"LLM Leaderboard 2026: Where Every Major Model Ranks"
Here is where every major LLM stands in mid-2026, based on published benchmarks and our hands-on testing.
The 2026 LLM leaderboard
| Rank | Model | MMLU | GPQA | HumanEval | SWE-bench | Context | Type |
|---|---|---|---|---|---|---|---|
| 1 | GPT-5 | ~90 | ~75 | ~93 | ~35 | 256K | Proprietary |
| 2 | Claude 3.5 Sonnet | ~88 | ~70 | ~92 | ~30 | 200K | Proprietary |
| 3 | GPT-4o | ~88 | ~55 | ~90 | ~25 | 128K | Proprietary |
| 4 | Gemini 1.5 Pro | ~87 | ~55 | ~88 | ~22 | 2M | Proprietary |
| 5 | DeepSeek V3 | ~86 | ~60 | ~90 | ~25 | 128K | Open-source |
| 6 | Llama 4 405B | ~88 | ~60 | ~85 | ~20 | 128K | Open-source |
| 7 | Llama 4 70B | ~85 | ~55 | ~82 | ~15 | 128K | Open-source |
| 8 | Qwen 3 72B | ~84 | ~50 | ~80 | ~12 | 32K | Open-source |
| 9 | Mistral Large 2 | ~83 | ~50 | ~80 | ~12 | 128K | Open-source |
| 10 | GPT-4o mini | ~80 | ~40 | ~85 | ~10 | 128K | Proprietary |
| 11 | Claude 3.5 Haiku | ~78 | ~40 | ~80 | ~8 | 200K | Proprietary |
| 12 | Gemini 1.5 Flash | ~77 | ~38 | ~78 | ~8 | 1M | Proprietary |
How to read this table
- MMLU: Knowledge breadth (multiple-choice). Less reliable due to contamination risk.

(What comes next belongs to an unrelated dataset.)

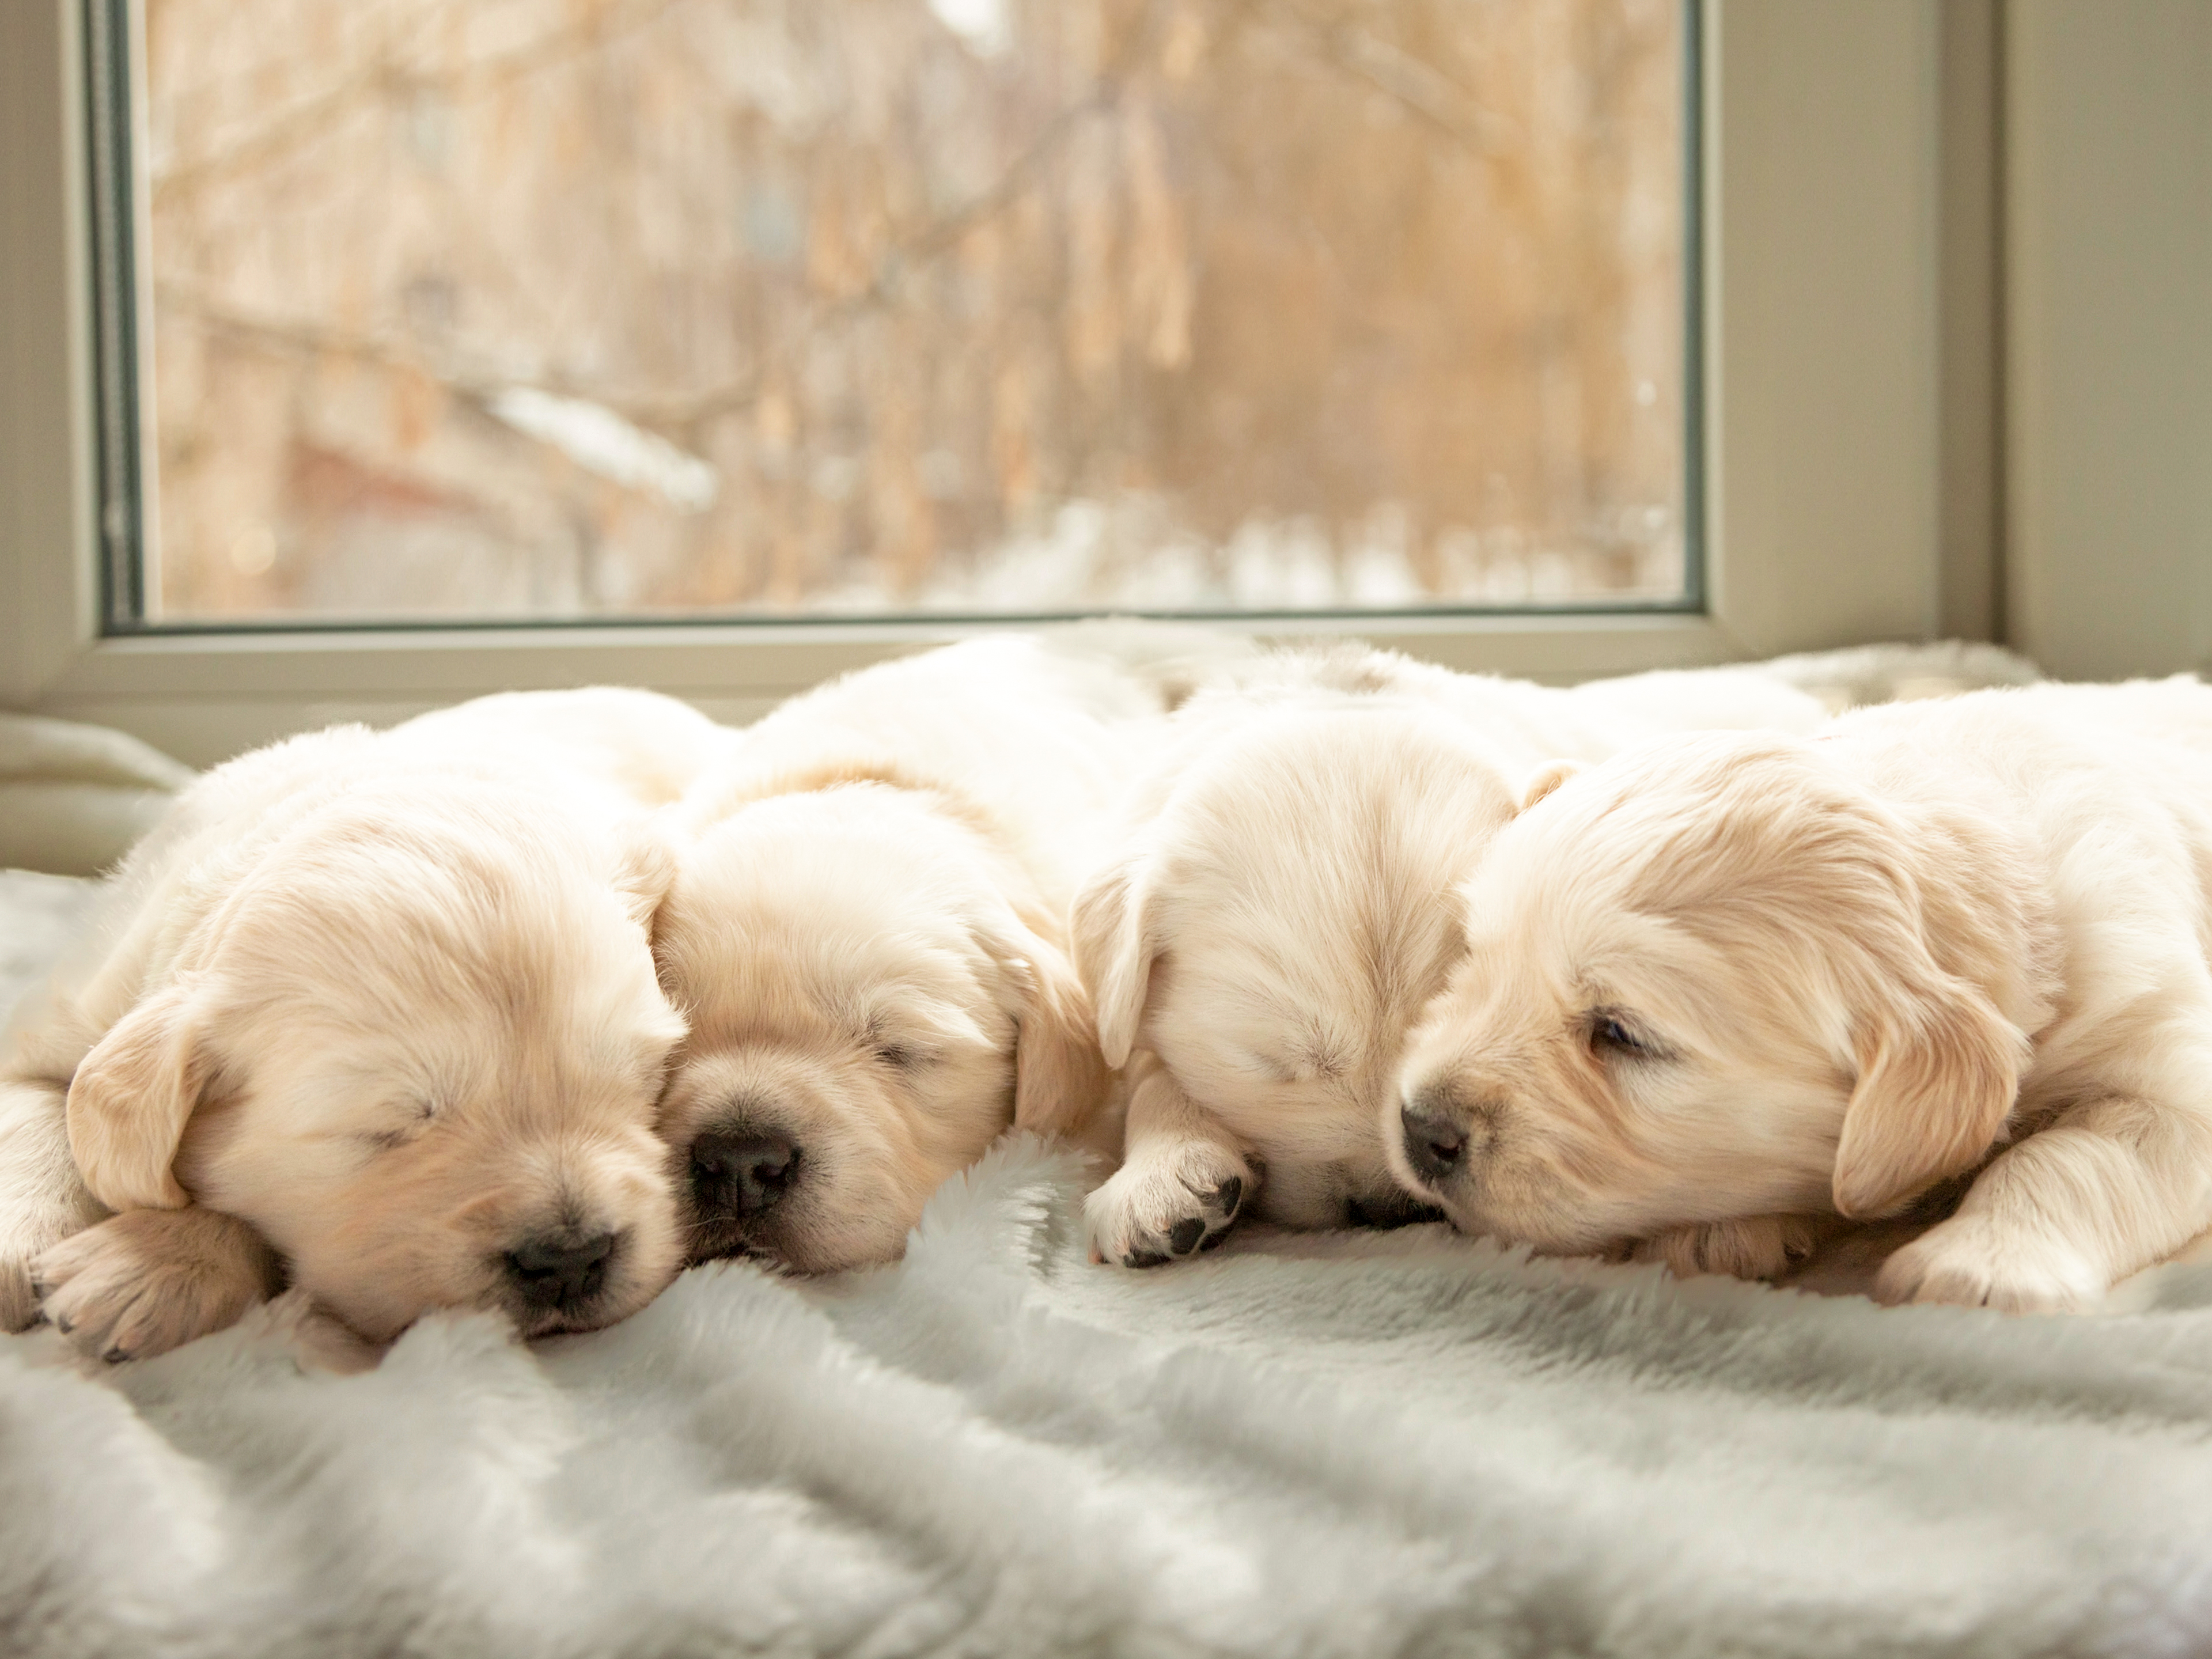 Vier schlafende Golden-Retriever-Welpen liegen nebeneinander auf einer hellgrauen Flauschdecke vor einem Fenster.

- GPQA: PhD-level reasoning. More reliable — harder to game.
- HumanEval: Simple code generation. Necessary but not sufficient for coding ability.
- SWE-bench: Real-world GitHub issue fixing. The most meaningful coding benchmark.
- Context: Maximum input length. More is not always better — quality degrades with very long inputs.
The tiers
Tier 1 — Frontier models (GPT-5, Claude 3.5 Sonnet, GPT-4o): Best quality, most expensive, proprietary. Choose for production where quality matters most.
Tier 2 — Strong alternatives (Gemini 1.5 Pro, DeepSeek V3, Llama 4 405B): Within 5% of frontier models on most benchmarks. Choose for cost savings or open-source needs.
Tier 3 — Production workhorses (Llama 4 70B, Qwen 3 72B, Mistral Large 2): Good enough for most use cases, self-hostable. Choose for privacy, cost control, or custom fine-tuning.
Tier 4 — Fast and cheap (GPT-4o mini, Claude Haiku, Gemini Flash): 80% of frontier quality at 10% of cost. Choose for high-volume, low-stakes tasks.
What the numbers do not capture
- Following instructions: Claude is better at complex multi-step instructions than benchmarks suggest.
- Codebase understanding: Claude 3.5 Sonnet’s 200K context is more useful for real codebases than GPT-4o’s 128K.
- Tool use: GPT-4o’s function calling is more reliable than any open-source model.
- Creative writing: Claude produces more natural prose; GPT-4o is more factual.
- Multilingual: Qwen 3 is the best for Chinese; Mistral Large for European languages.
FAQ
Which model should I use? Start with GPT-4o or Claude 3.5 Sonnet. If cost matters, add Gemini Flash or GPT-4o mini for bulk. If privacy matters, self-host Llama 4 70B.
Is the gap between tiers shrinking? Yes. Tier 2 models are now within 3–5% of Tier 1 on most benchmarks. For many use cases, the difference is imperceptible.
What about LMSYS Chatbot Arena? It ranks models by human preference (blind A/B testing). It is a useful complement to benchmarks because it reflects real-world feel.
Verdict
GPT-5 and Claude 3.5 Sonnet lead the field. DeepSeek V3 is the best value. Llama 4 70B is the best self-hostable model. Gemini Flash is the cheapest capable model. Choose by your constraint: quality, cost, privacy, or speed.